By Zack Colman - 10/22/12 09:50 PM EDT
The Energy Department (DOE) failed to comply with a White House directive to reduce the travel costs incurred by its contractors, which reached $300 million over a six-year period, according to a recent report by the department's inspector general.
“Despite the sizable expenditure of Federal funds, the Department had not made a concerted effort to reduce contractor international travel costs,” DOE Inspector General Gregory Friedman wrote in the report issued last week.
President Obama told federal agencies to shed travel expenses in a November 2011 executive order.
In that order, the White House Office of Management and Budget (OMB) called for a 30 percent reduction in foreign travel spending for each agency. The report said DOE improperly interpreted the OMB requirement to cover only federal employees, and not contractors.
In response to the audit, DOE agreed to extend the 30 percent reduction to contractors, which the audit suggested saves DOE $15 million annually.
DOE did cut travel to $62 million this year, down from $69 million, the department said in comments included in the report.
Still, the department needed to keep a robust travel budget to maintain national security initiatives, Ingrid Kolb, DOE's director for the Office of Management, said in comments attached to the report.
Kolb noted DOE has strengthened its role in international nuclear security under Obama, which has put an emphasis on travel.
She also said DOE spent about $4.5 million on contractor travel in 2011 to assist Japan in response to the Fukushima Daiichi reactor meltdown.
Kolb said DOE has improved collaboration with other nations, bought less expensive non-refundable plane tickets and limited conference attendance to cut costs.
But she noted that “the location of these facilities around the globe necessitates frequent international travel by our scientists.”
Congress has also pushed agencies to slash travel spending in response to the General Services Administration spending $823,000 on a 2010 Las Vegas conference.

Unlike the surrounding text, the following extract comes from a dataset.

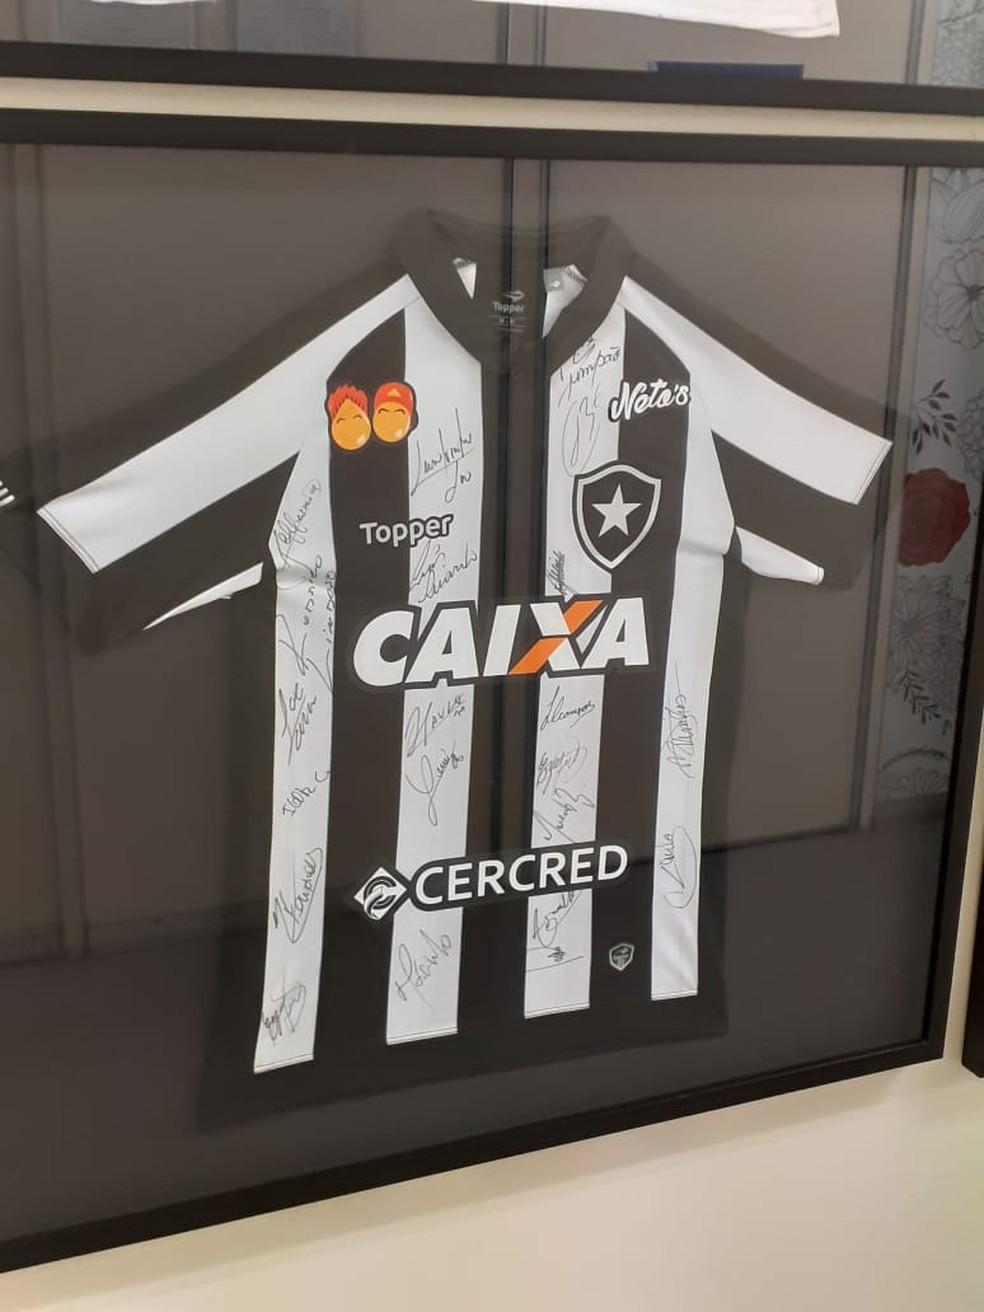 Camisa autografada de 2018 pelos jogadores do Botafogo consta no hall de clubes doadores — Foto: Divulgação

That scandal ignited criticism from both sides of the aisle, helping usher the Government Spending Accountability Act (H.R. 4631) through the House with only one dissenting vote.
That bill would prevent spending more than $500,000 on a conference without congressional approval. It would also require federal agencies to report travel expenses to Congress each quarter, and cap travel spending at 70 percent of agencies’ 2010 travel budgets.
The bill is currently in the Senate Committee on Homeland Security and Governmental Affairs.